## What you will do
Could you transcribe exactly the lines from the one containing "Denise Griffiths, a" through the end of the listing below, both included, but none of the pictures?

## Information shown
◇ ◇ ◇ ◇
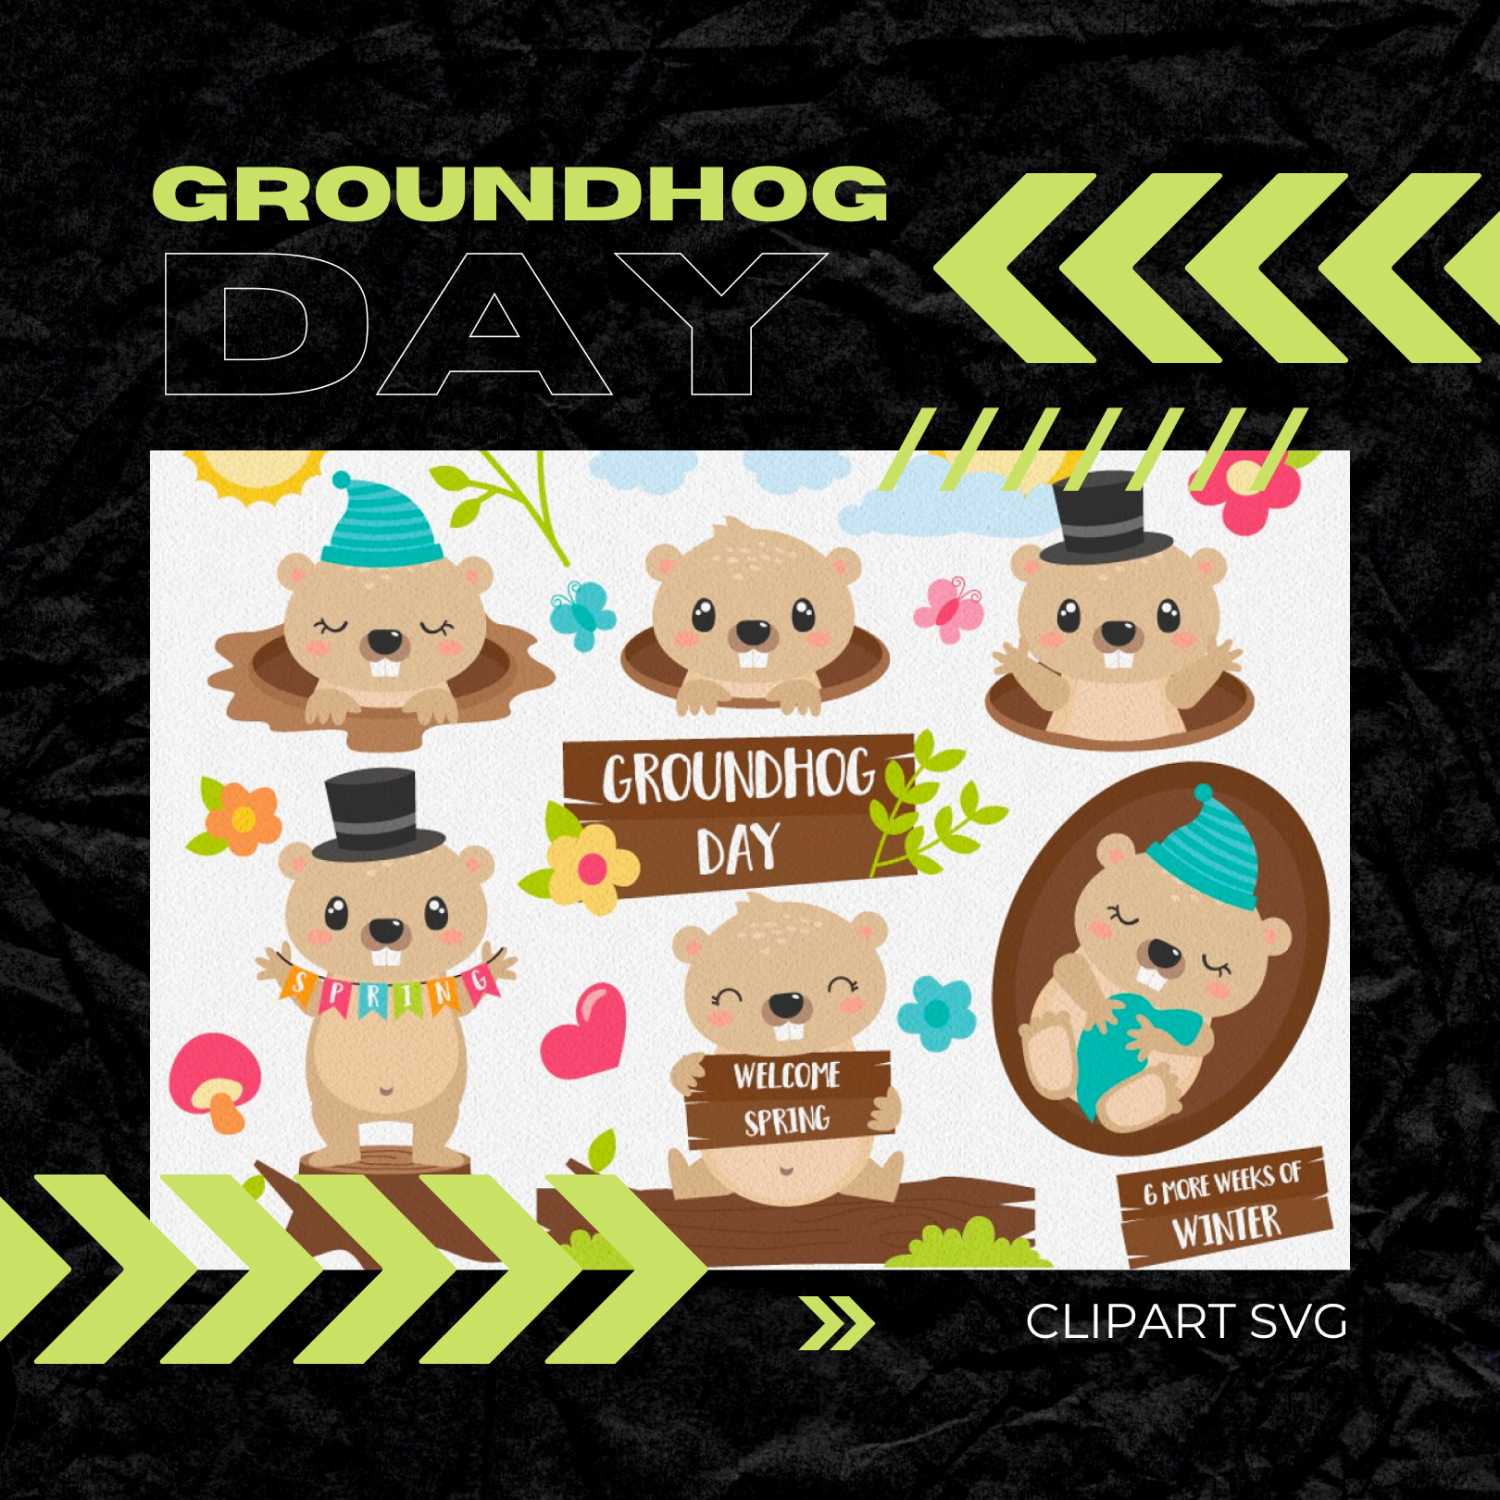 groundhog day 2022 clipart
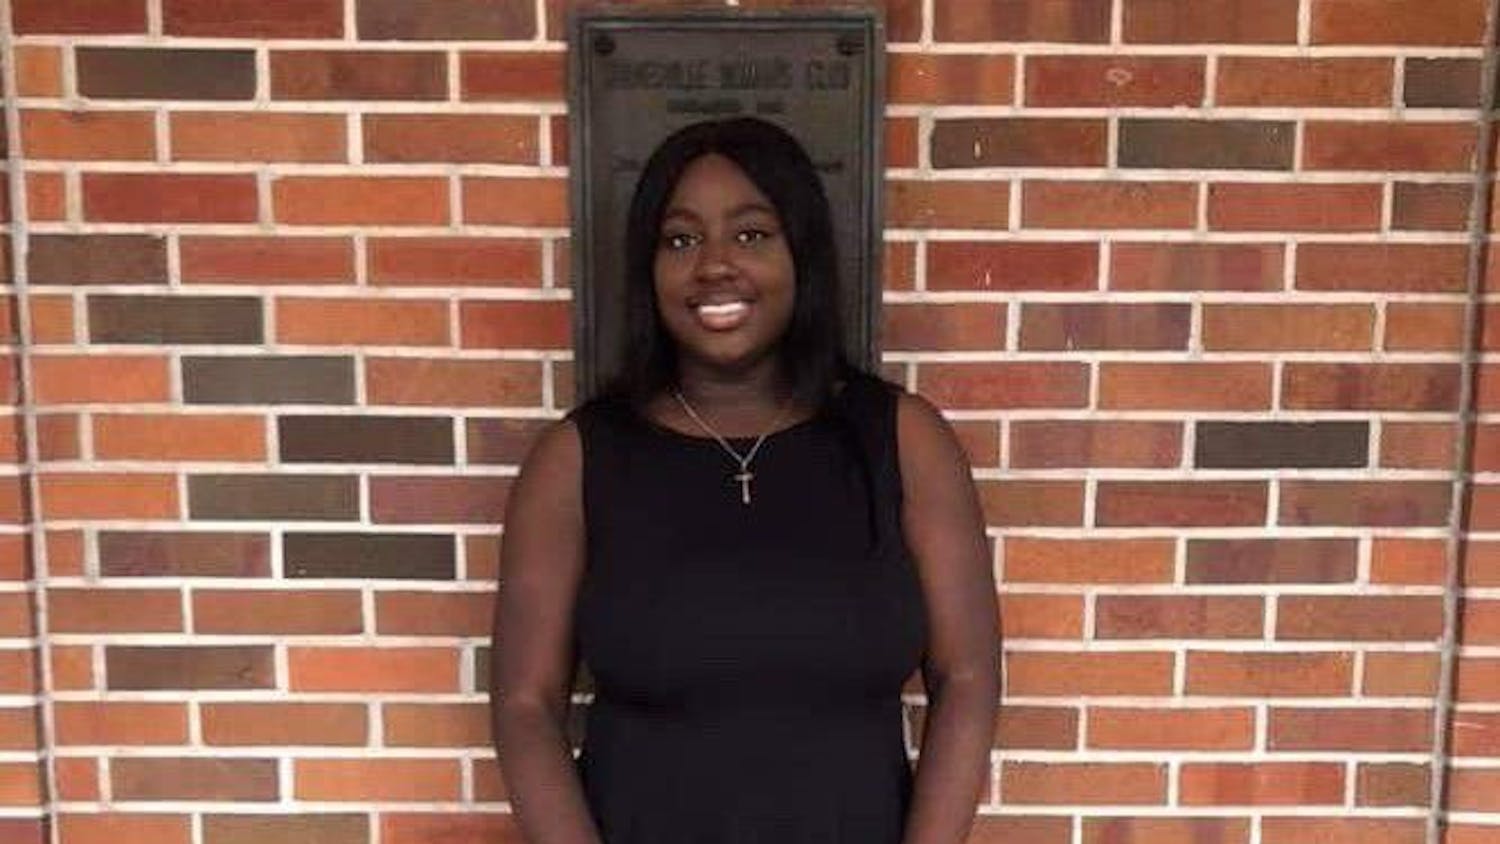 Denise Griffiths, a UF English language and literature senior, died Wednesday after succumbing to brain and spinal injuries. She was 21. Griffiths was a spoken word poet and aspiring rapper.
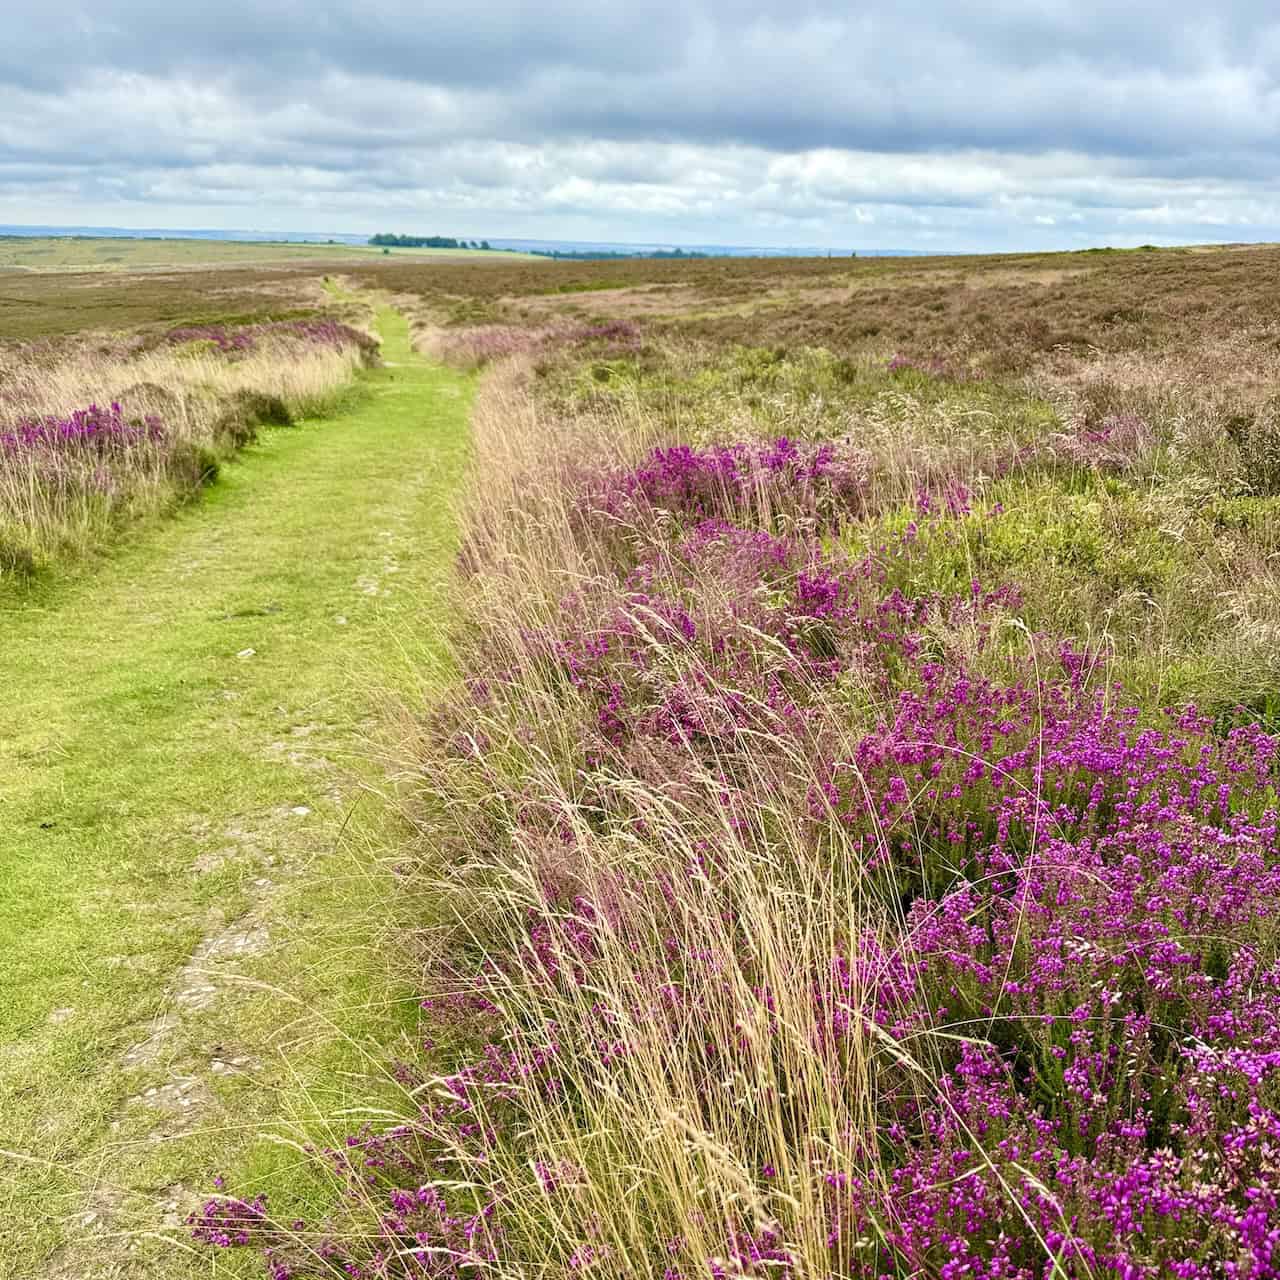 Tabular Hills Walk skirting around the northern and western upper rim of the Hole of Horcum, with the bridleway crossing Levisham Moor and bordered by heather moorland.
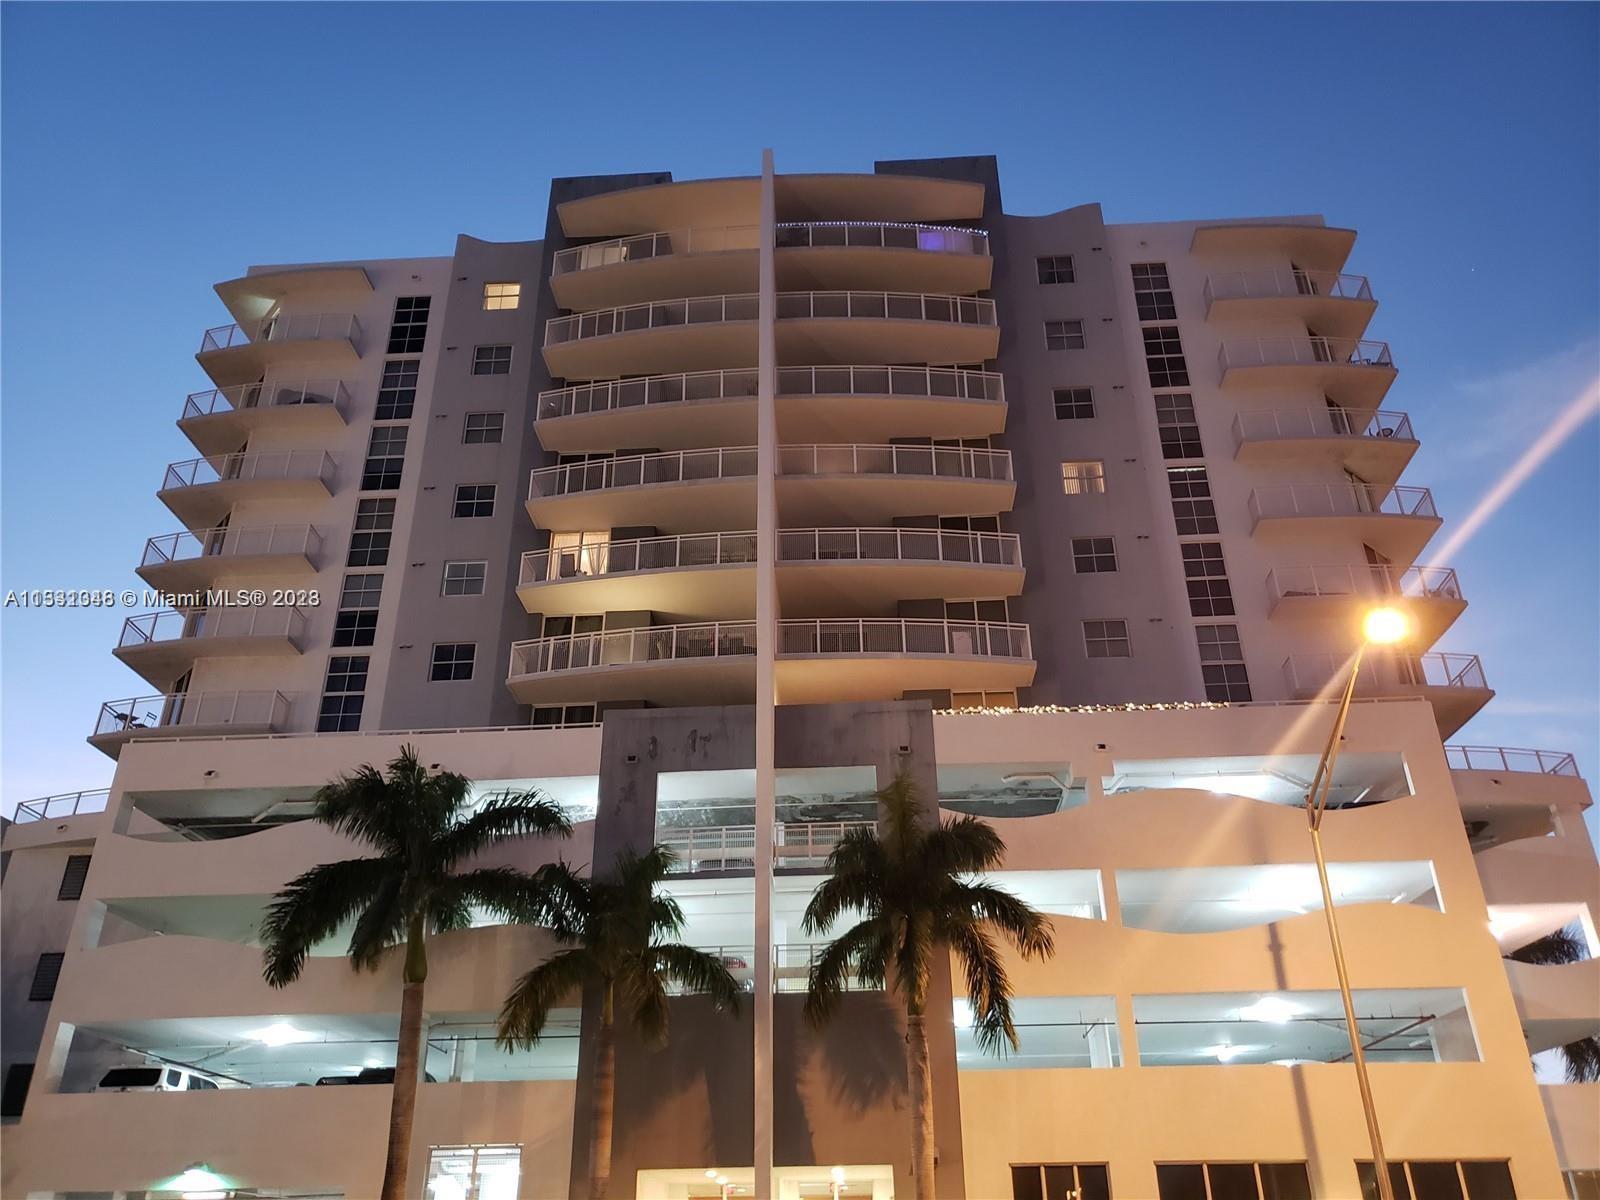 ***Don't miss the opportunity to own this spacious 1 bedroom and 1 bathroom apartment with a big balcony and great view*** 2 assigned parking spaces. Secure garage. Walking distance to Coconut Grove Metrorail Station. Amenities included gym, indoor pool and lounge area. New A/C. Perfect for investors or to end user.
◇ ◇ ◇ ◇
## Result
 Denise Griffiths, a UF English language and literature senior, died Wednesday after succumbing to brain and spinal injuries. She was 21. Griffiths was a spoken word poet and aspiring rapper.
 Tabular Hills Walk skirting around the northern and western upper rim of the Hole of Horcum, with the bridleway crossing Levisham Moor and bordered by heather moorland.
 ***Don't miss the opportunity to own this spacious 1 bedroom and 1 bathroom apartment with a big balcony and great view*** 2 assigned parking spaces. Secure garage. Walking distance to Coconut Grove Metrorail Station. Amenities included gym, indoor pool and lounge area. New A/C. Perfect for investors or to end user.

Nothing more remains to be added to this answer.